There’s another reason that people might be more interested, lately, in pursuing climate-change-related policies: a growing realization that climate change is a short-term problem as well as a long-term one. In California, for instance, evidence suggests that climate change may be partly responsible for an ongoing crippling drought that has parched many of the state’s farms and hurt its agriculture sector. When it comes to getting individuals to care about climate change, Steyer told me, it appears that immediate, local effects play a big role. “You probably don’t lie awake at night worrying about storm surge in Miami, and, conversely, I bet you anything they’re not lying awake at night worrying about the drought in California,” he told me. (California Governor Jerry Brown, early this year, vowed to set new, more ambitious climate-change-related environmental targets for the state, and soon thereafter, leaders of the state legislature unveiled a package of bills meant to meet those goals. On Wednesday, Brown also announced new drought-relief measures.)

Environmental activists have continued to press for both federal and state action, though they seem to have all but abandoned the prospect of achieving that through Congress. “President Obama put forth strong goals that demonstrate our national commitment to addressing climate change, but there’s still more work to be done,” Steyer told me.

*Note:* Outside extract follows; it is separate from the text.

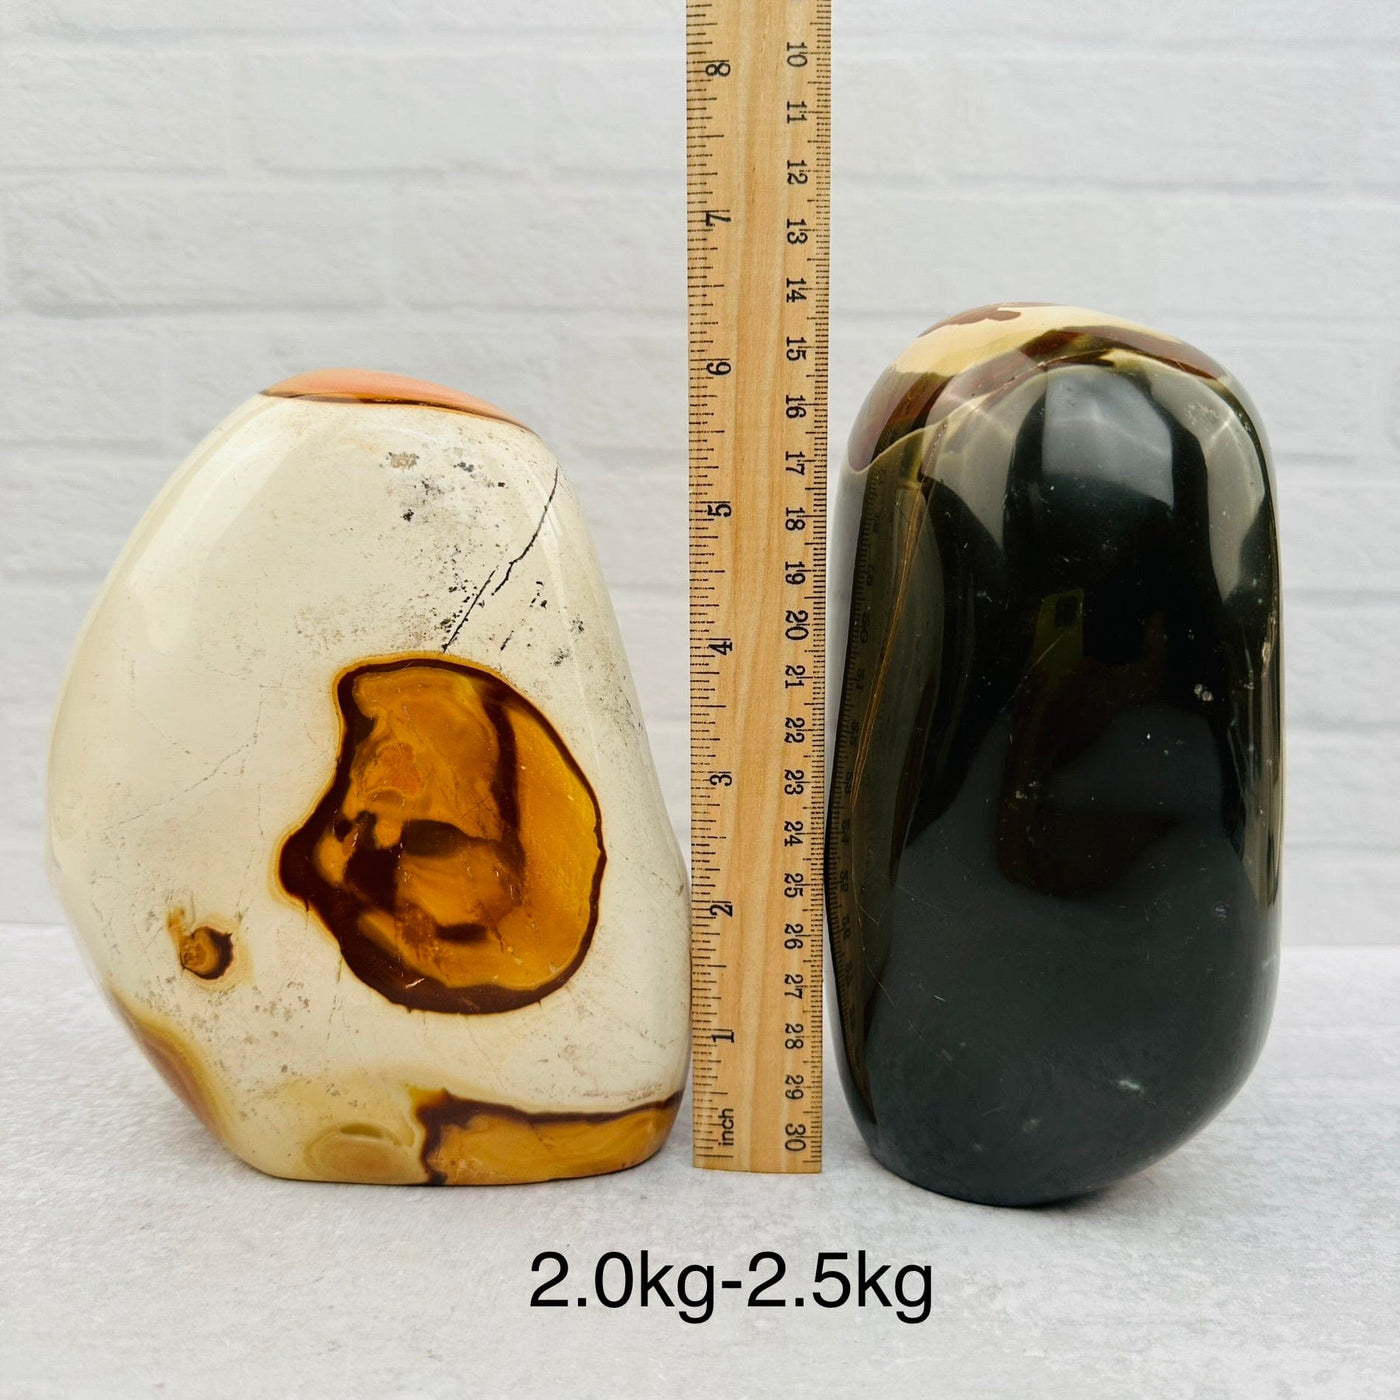 Polychrome Jasper Cut Base - YOU CHOOSE SIZE next to a ruler for size reference 
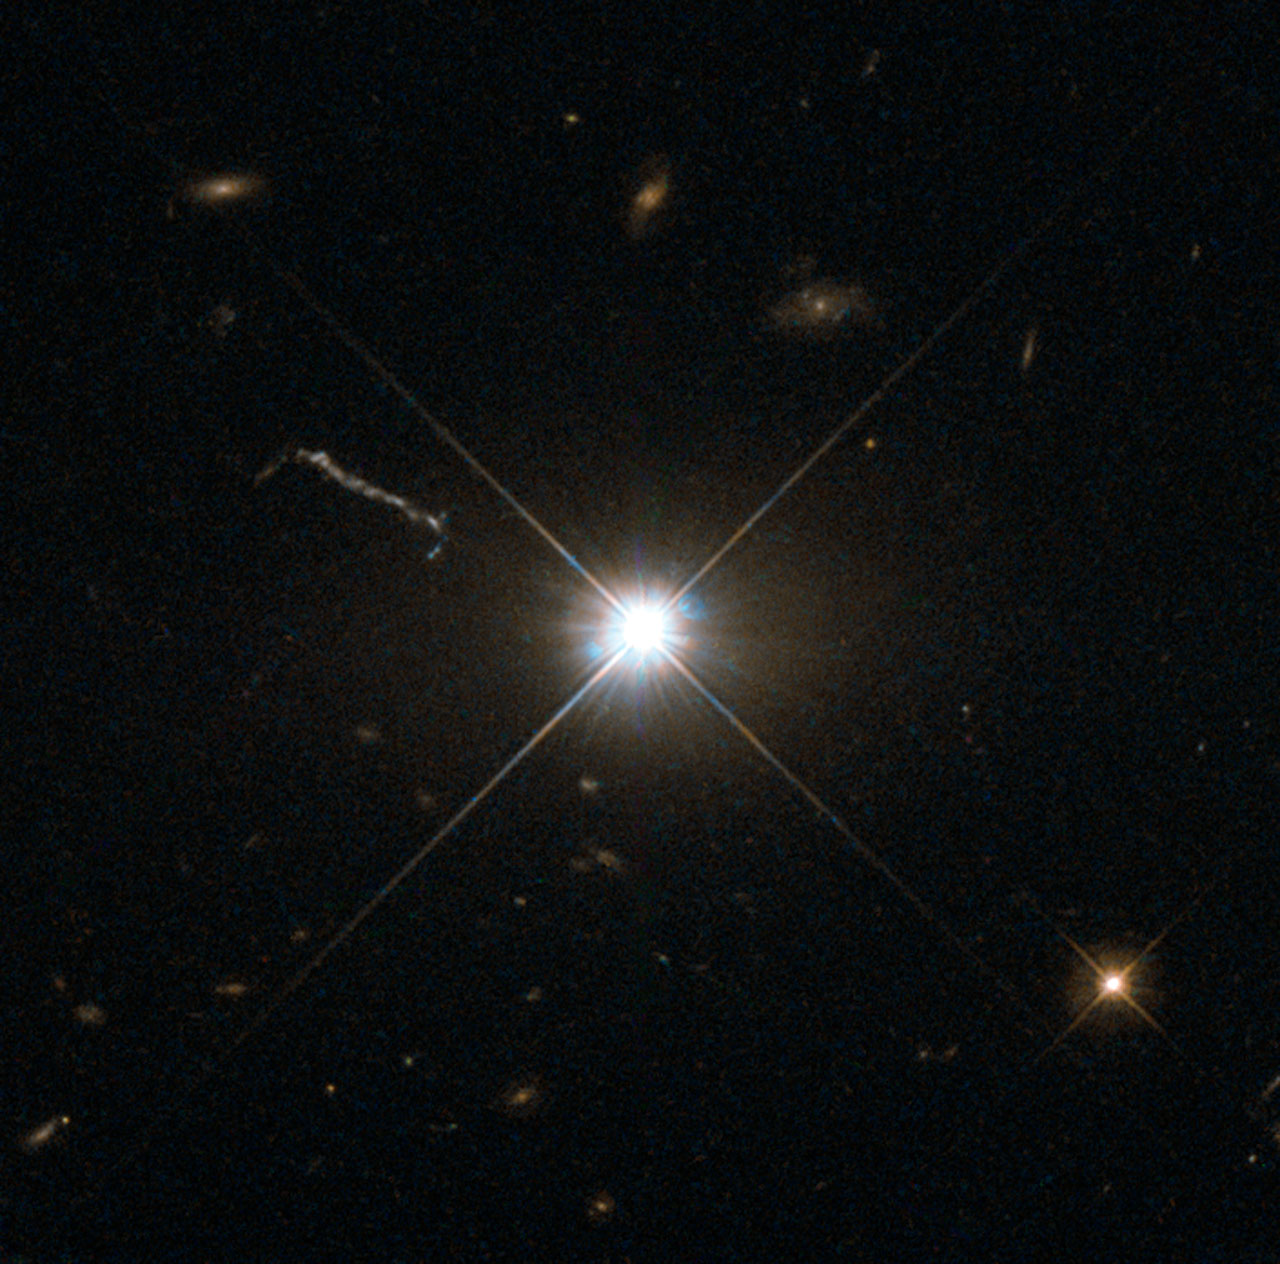 A picture of a far away quasar, shown as a bright point of light in the center of the picture.

It’s unclear how much Obama will be able to accomplish without the help of Congress; states, faced with new regulations from the E.P.A. and others, might resist, as they have with other federal programs such as Obamacare. I asked Kyle Aarons, a senior fellow at the Center for Climate and Energy Solutions, a think tank, about the greenhouse-gas-emissions target set by the President. “That number by itself doesn’t mean much,” he said. “There have to be policies and regulations in place to drive those reductions.” That, he said, is where California’s experience could prove most useful. Its legislation might not have spurred a series of copycat laws, but now, as states contend with the policies Obama intends to put in place, they will surely look to California’s regulations as a model to help them reach the federally mandated goals. “In doing this,” Aarons said, California is “developing this experience and this knowledge that it can then share with states.”